*** SUPPLIED MATERIAL Section Begins ***

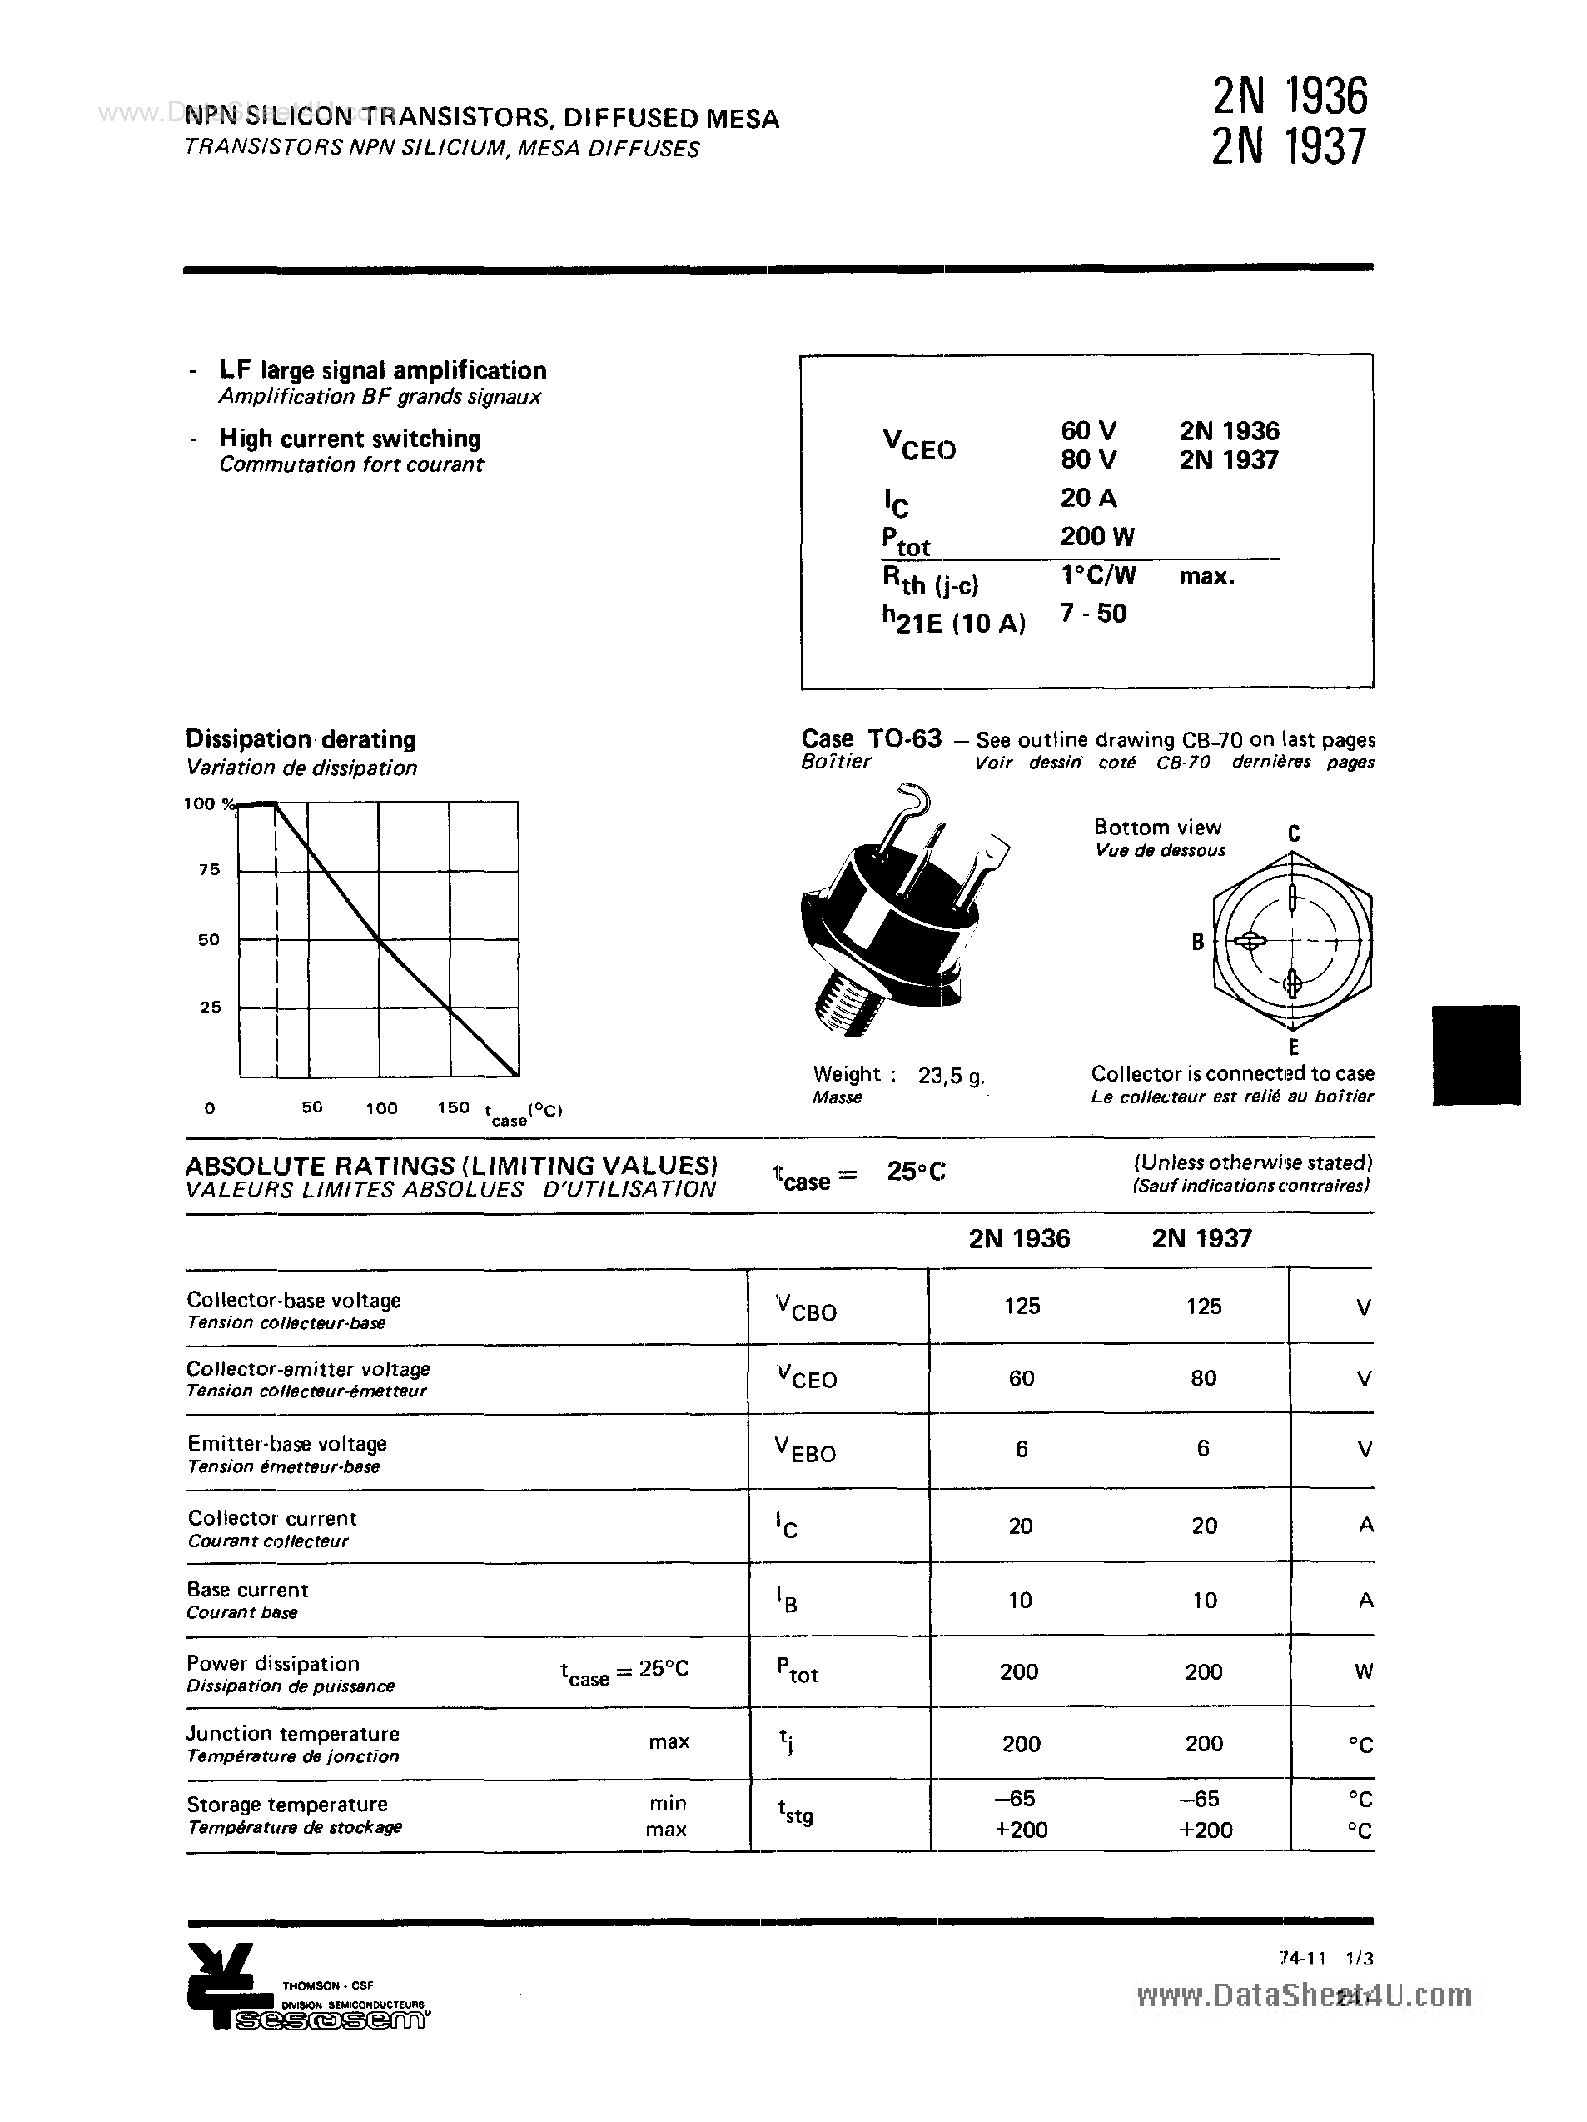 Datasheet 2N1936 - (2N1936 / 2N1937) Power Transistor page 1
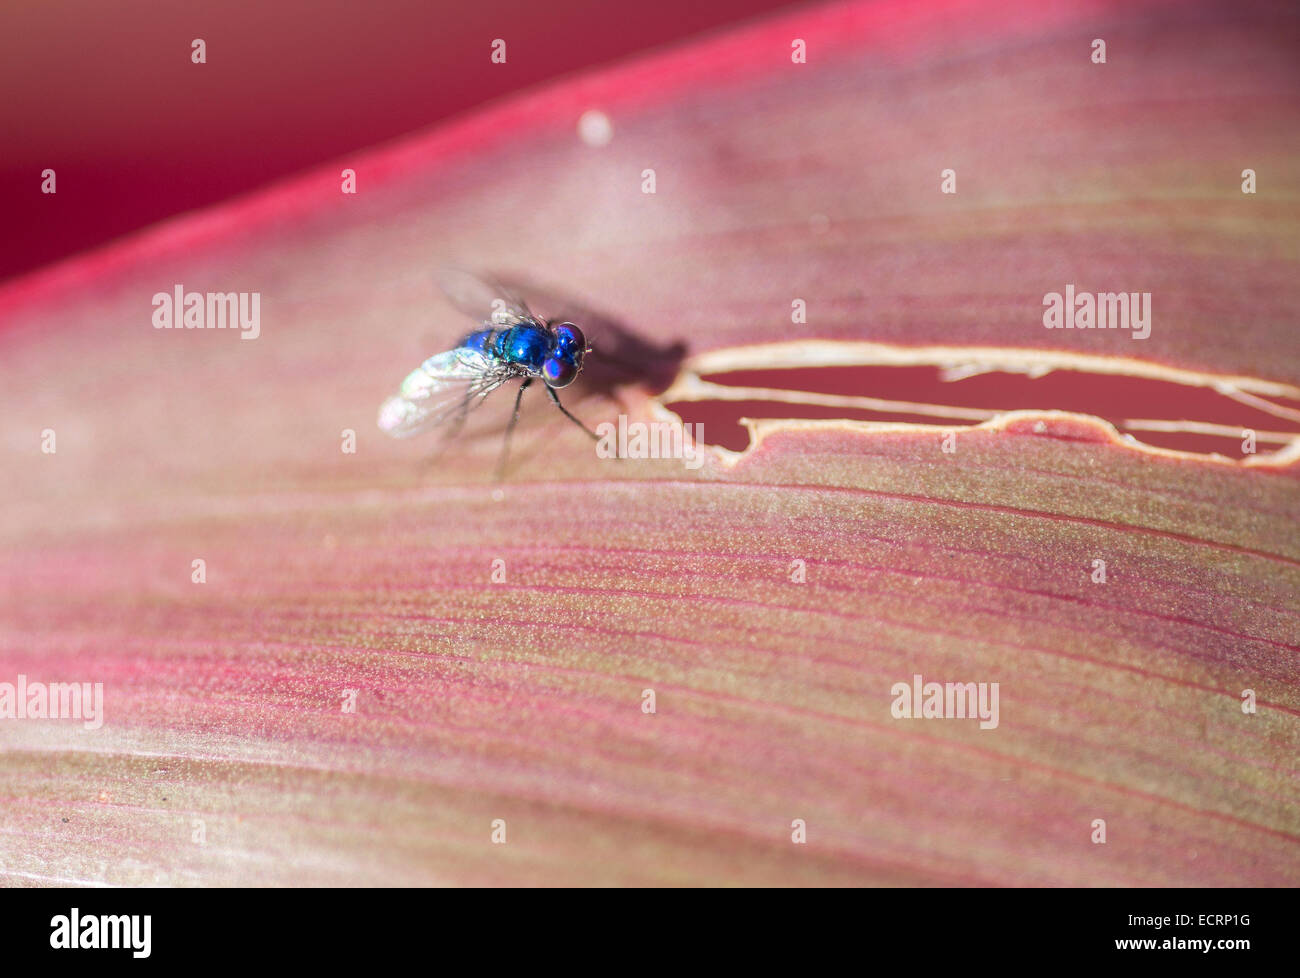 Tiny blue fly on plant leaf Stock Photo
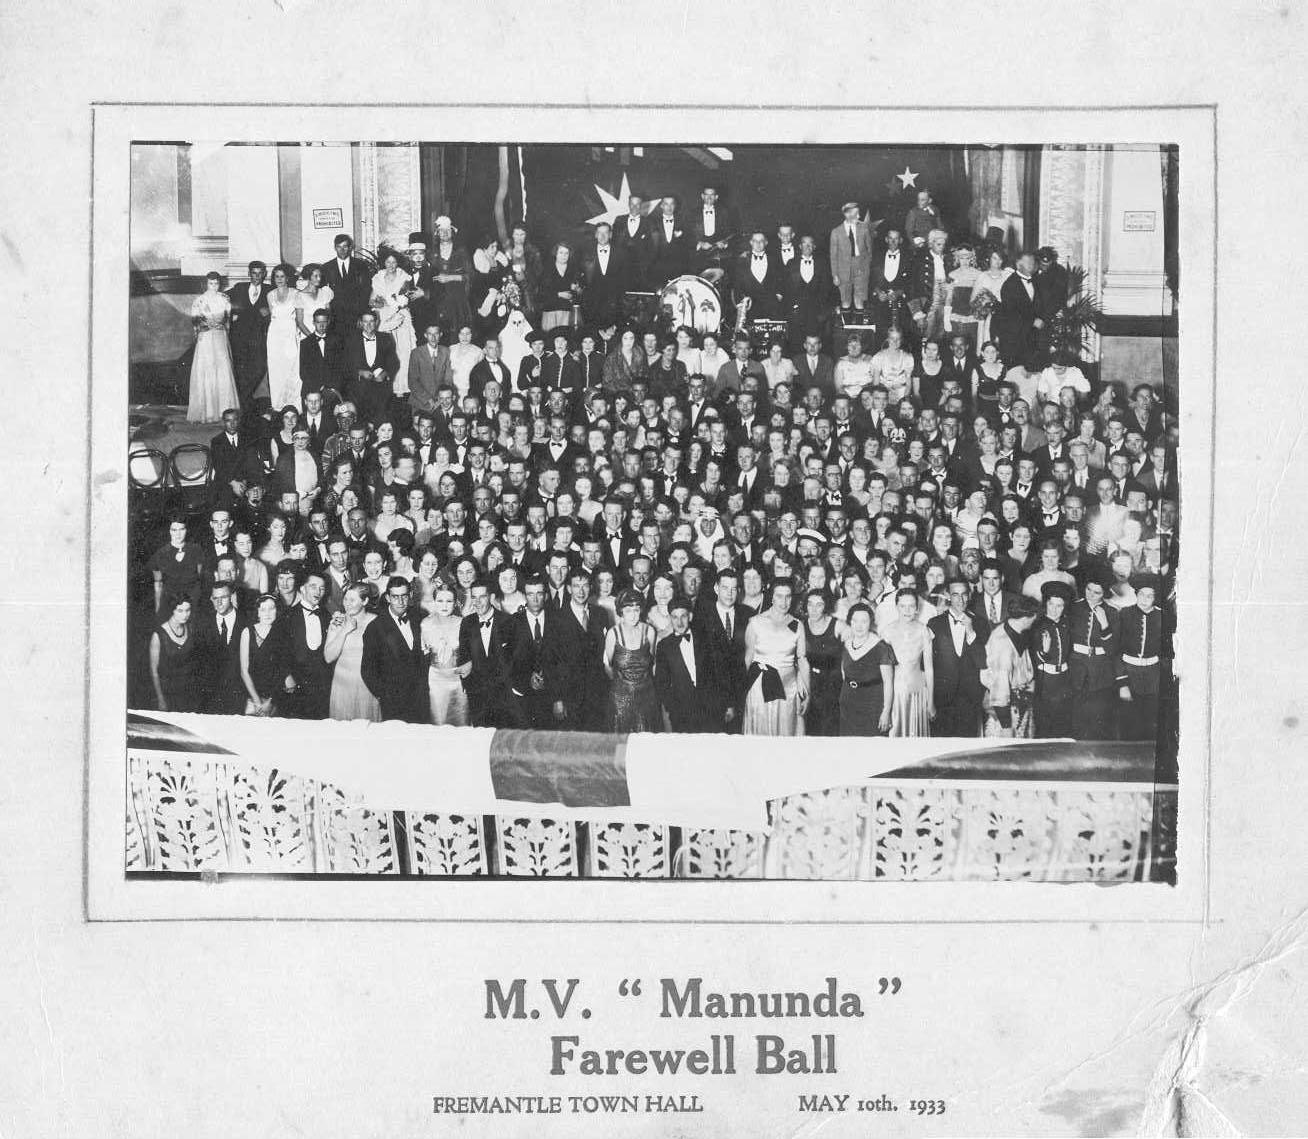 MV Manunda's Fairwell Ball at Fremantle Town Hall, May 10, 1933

*** SUPPLIED MATERIAL Section Ends ***

» TASK: Would you retype each line above exactly and skip every image?

» WRITTEN REPLY:
 Datasheet 2N1936 - (2N1936 / 2N1937) Power Transistor page 1
 Tiny blue fly on plant leaf Stock Photo
 MV Manunda's Fairwell Ball at Fremantle Town Hall, May 10, 1933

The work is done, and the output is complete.